» HOW TO COMPLETE THIS TASK:
Repeat the lines from the one containing "America belongs to all of us. The" through the last line of the data, exactly, pictures omitted.

» SOURCE DATA:
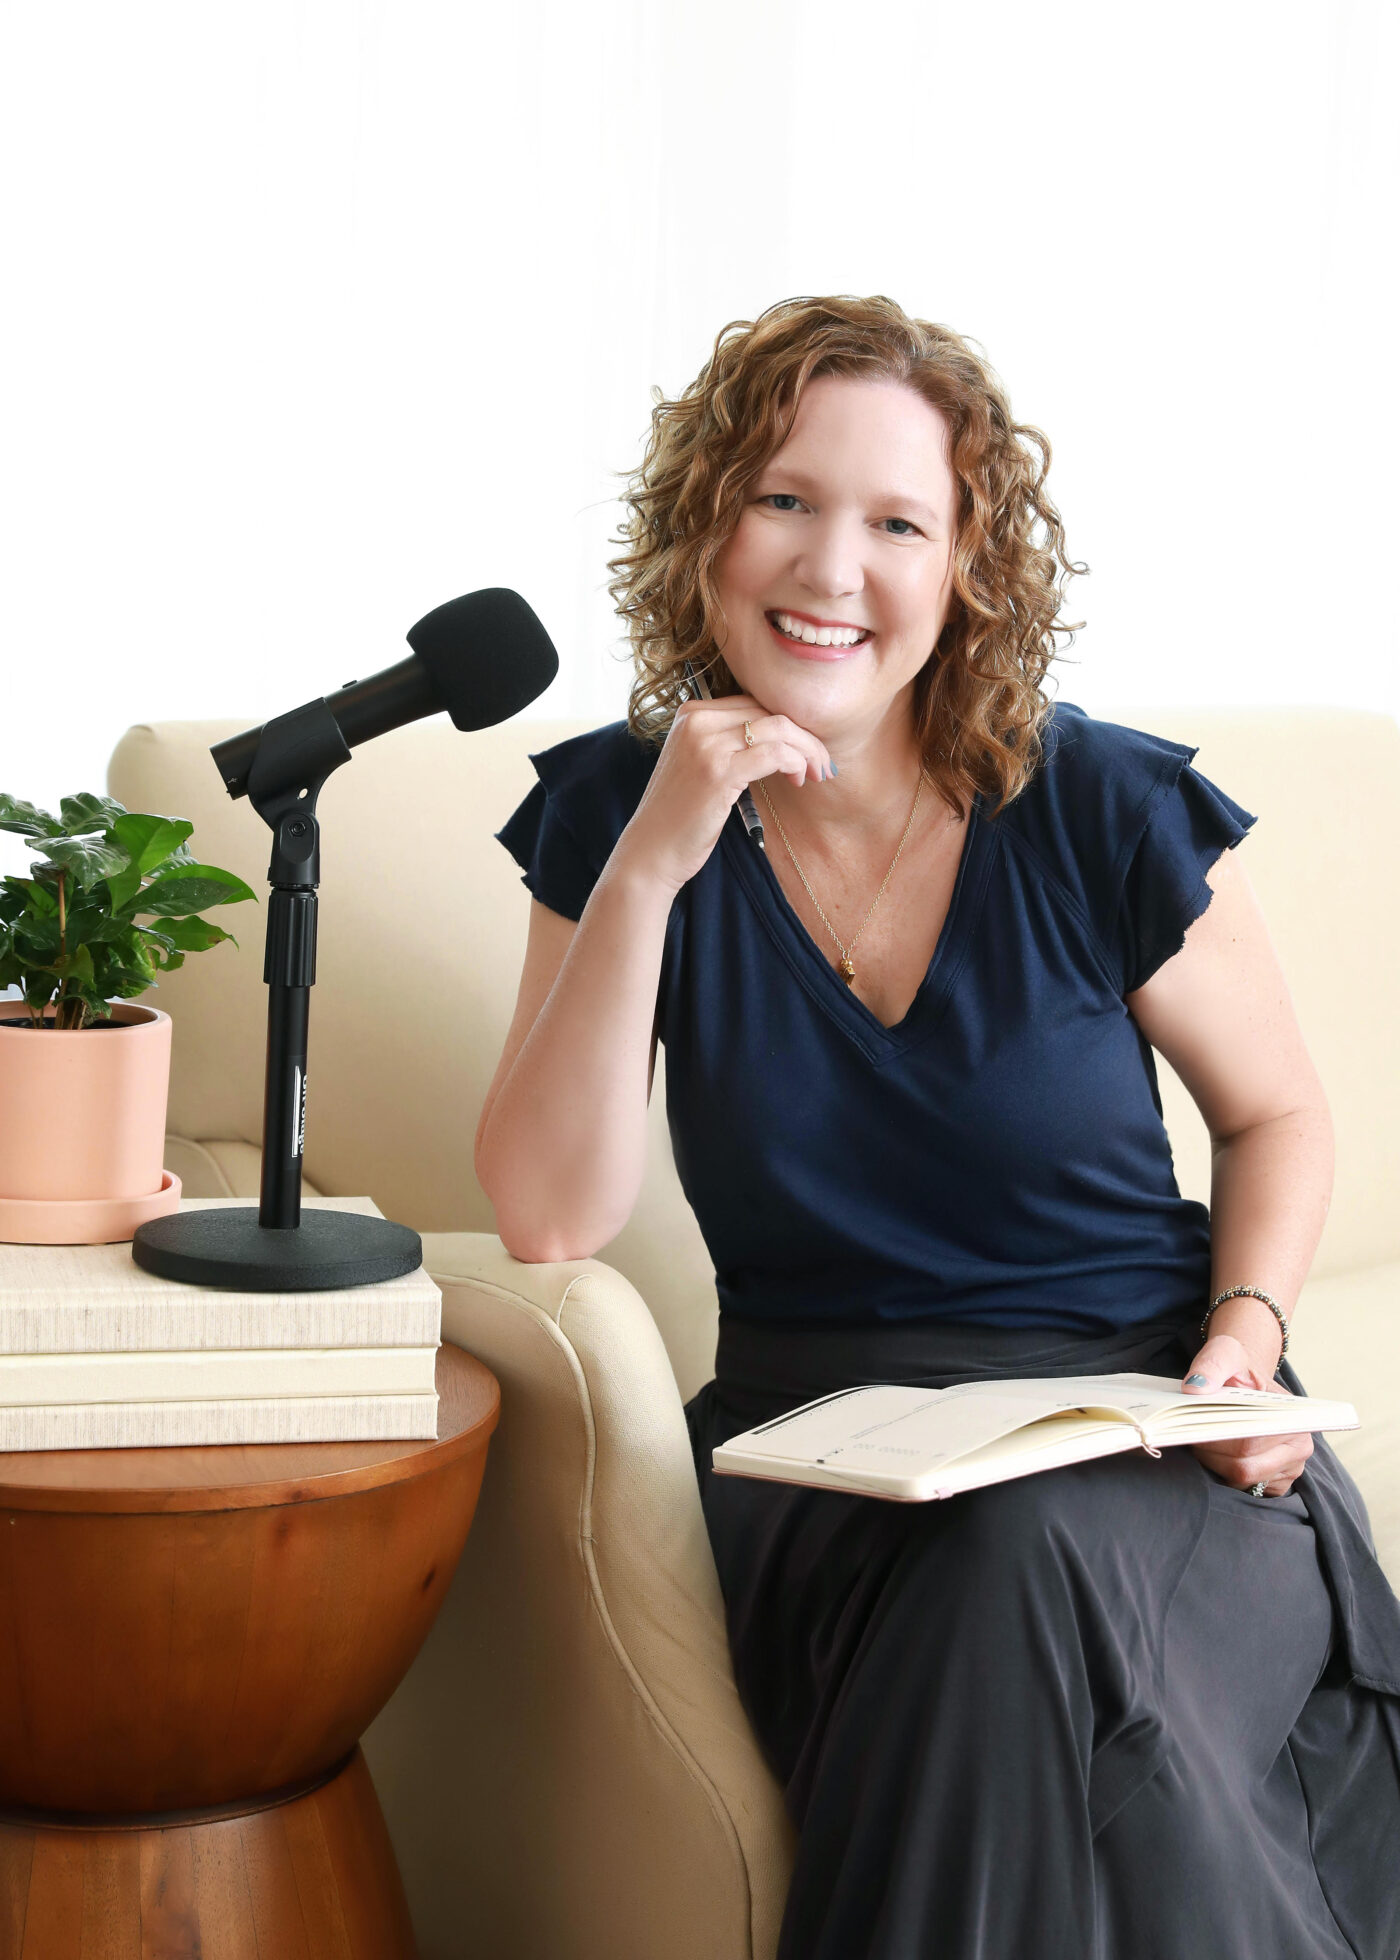 Ep. 7: Shame Free Eating with Dietician Julie Satterfeal
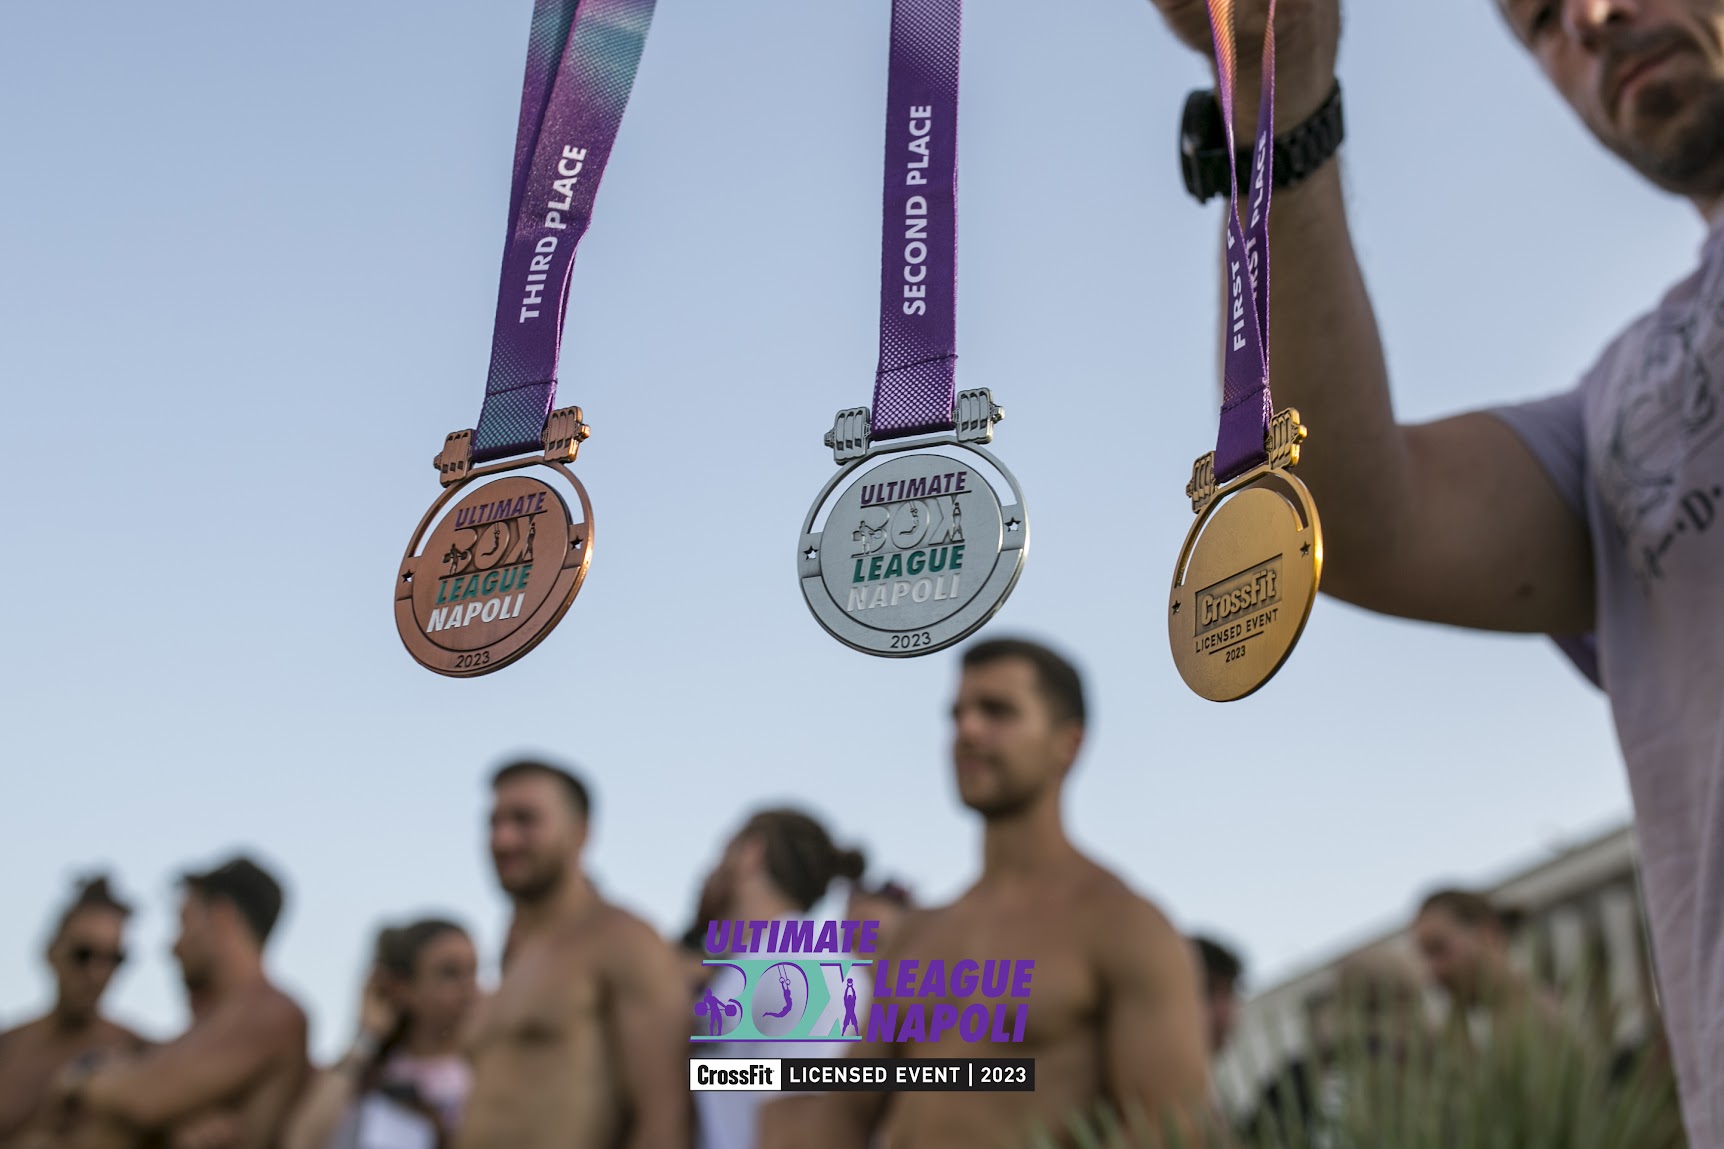 Medals of UBL | The Italian Championship 2023, the major Crossfit throwdown in Italy
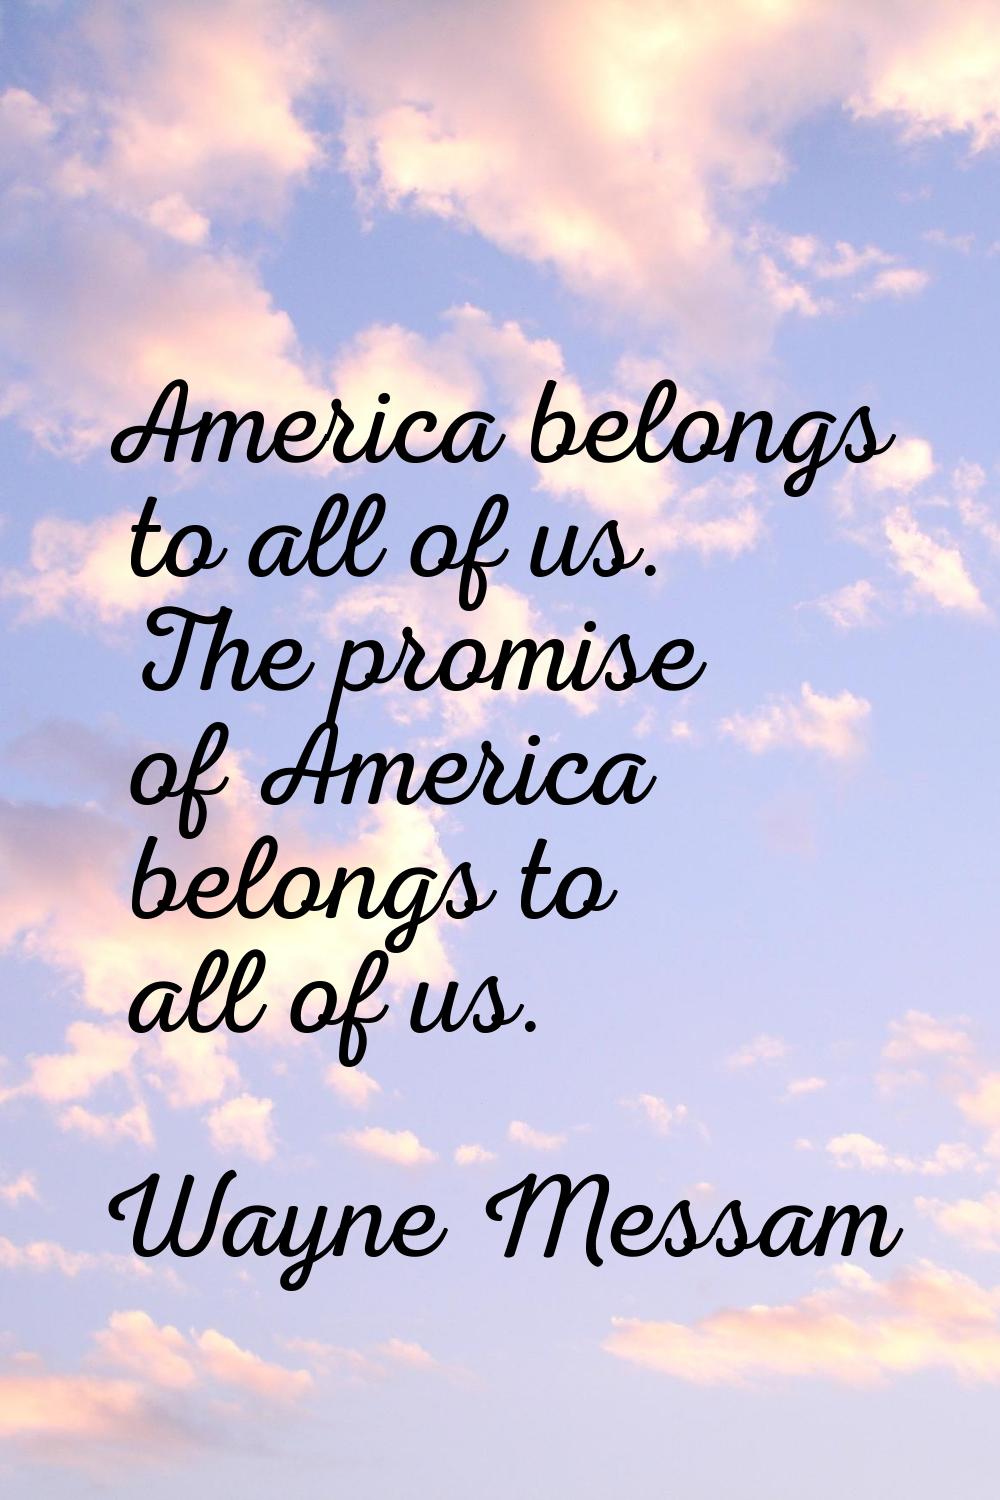 America belongs to all of us. The promise of America belongs to all of us.
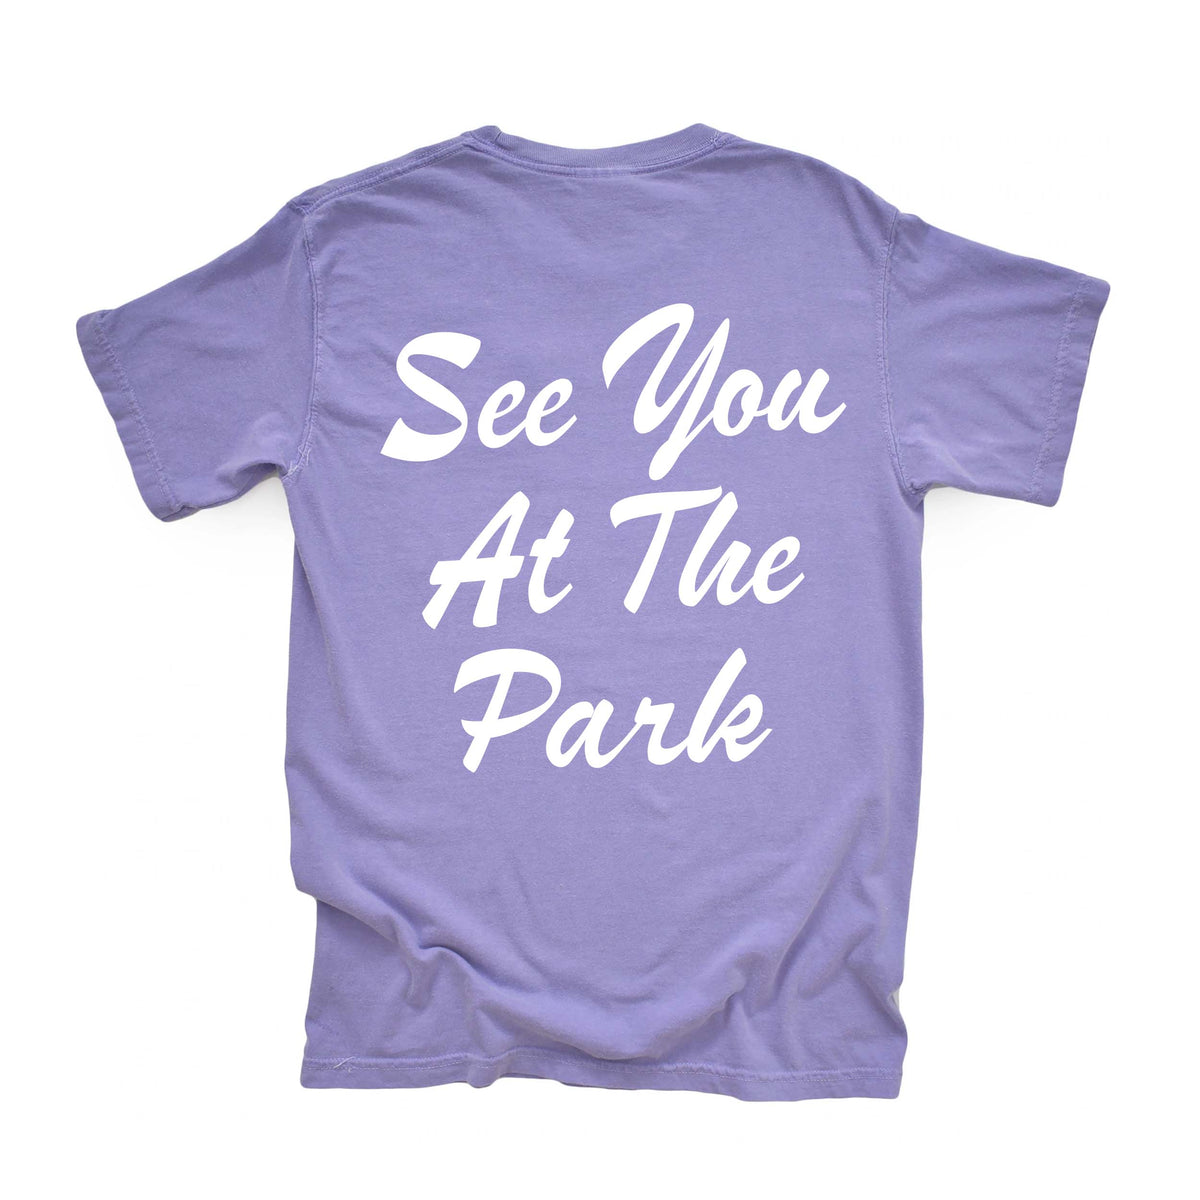 See You At The Park Tee

» YOUR RESPONSE:
 America belongs to all of us. The promise of America belongs to all of us.
 See You At The Park Tee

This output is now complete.